According to literary scholar Tara Bynum, in her letters to Tanner, Phillis Wheatley "doesn't lament her black skin or her enslavement. She doesn't belabor her sadness over how black she is or is not. Rather, Wheatley's letters ... are decidedly ordinary glimpses into a friendship between women. Wheatley keeps Tanner abreast of her book sales, her bouts of sickness and asthma, her travels to the country and out of the country, even the death of her mistress, Susanna Wheatley."

== Later life and death ==
On November 4, 1790, Obour Tanner married Barra (also spelled Barry) Collins. The ceremony was conducted by the Reverend Samuel Hopkins in the First Congregational Church in Newport.
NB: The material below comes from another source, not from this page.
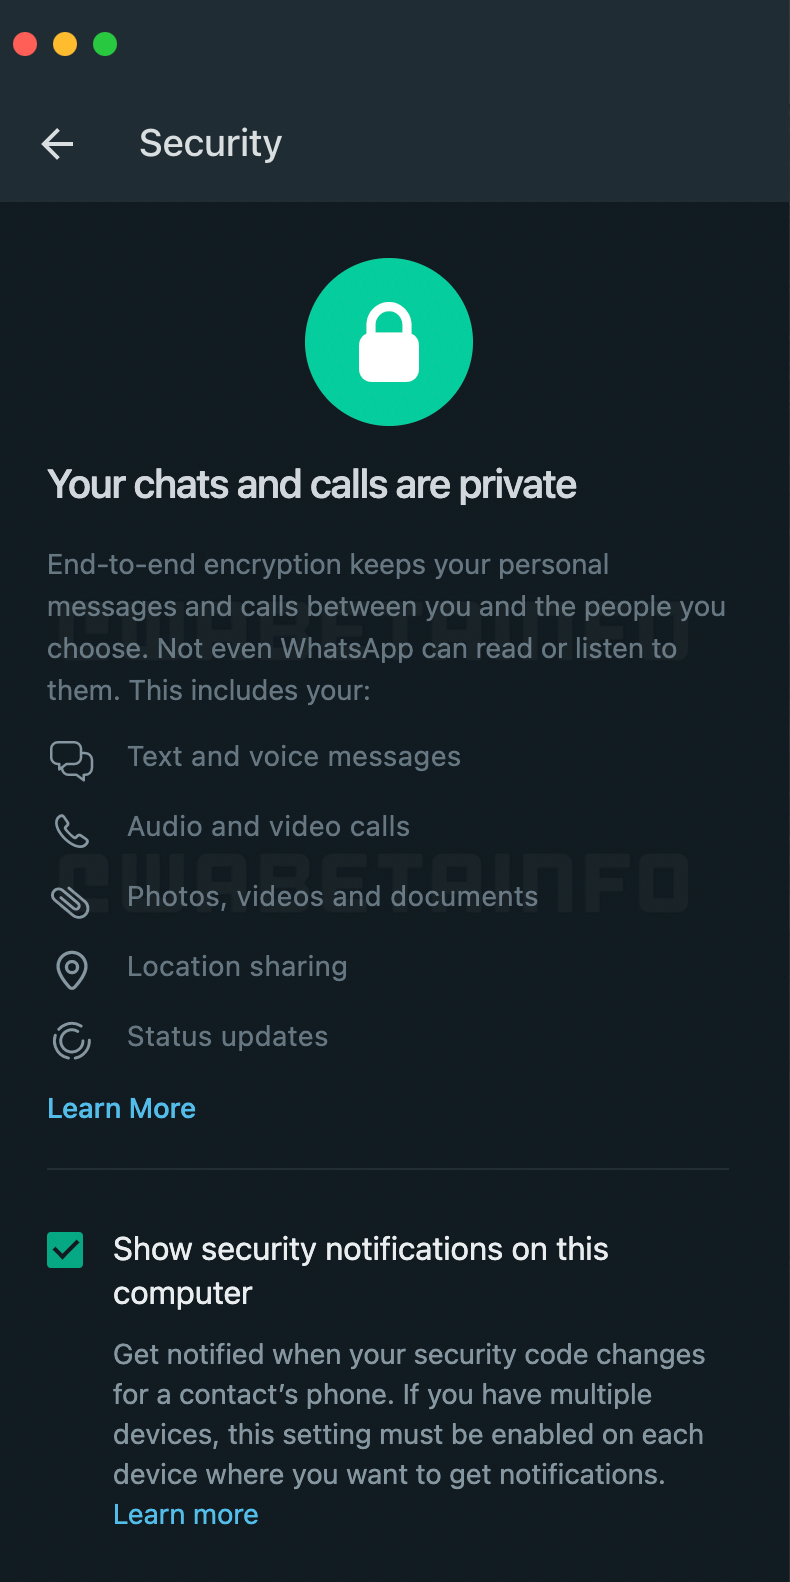 WhatsApp Application SECRET Ändert den Sicherheitsbereich für iPhone und Android

In 1809, following in the footsteps of the Free African Union Society, which was founded in Newport in 1780, Obour Tanner helped to found the African Female Benevolent Society, a mutual aid society dedicated to literacy education of Black people.
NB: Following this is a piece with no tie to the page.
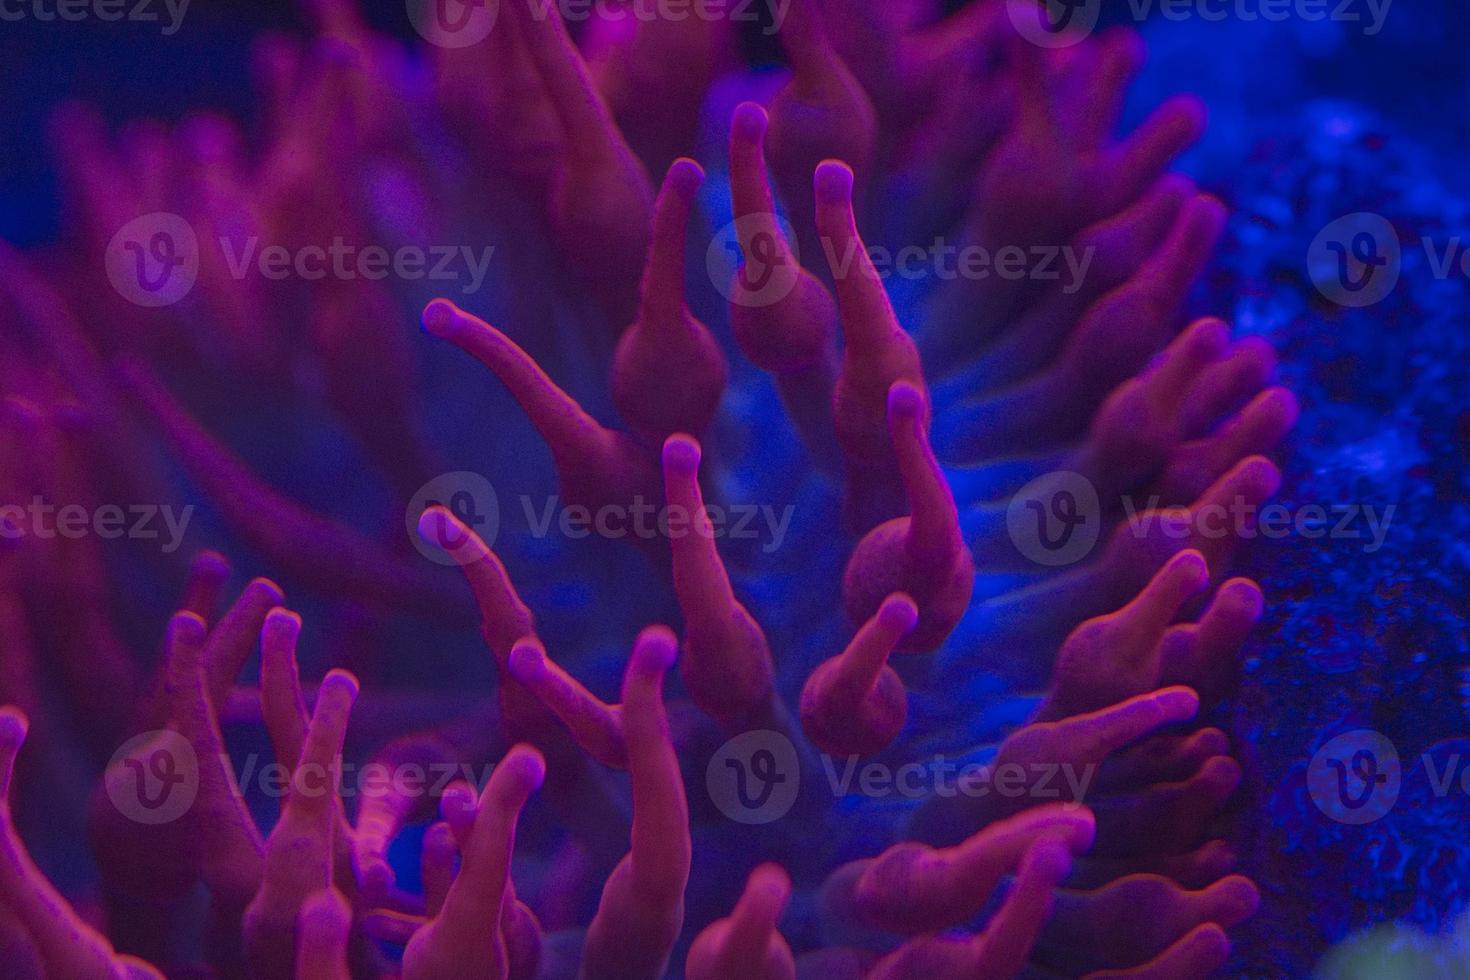 macro de coraux durs sur la lumière de plongée de nuit photo

In 1863, Obour Tanner's letters were donated to the Massachusetts Historical Society by the wife of William Henry Beecher. In an accompanying letter, Mrs. Beecher described Tanner in her later years; "She was then a very little, very old, very infirm, very, very black woman, with a great shock of the whitest of wool all over her head. ... She died in the odor of sanctity ... an uncommonly pious, sensible, and intelligent woman, respected and visited by every person in Newport who could appreciate excellence."

Obour Tanner died in Newport on June 21, 1835.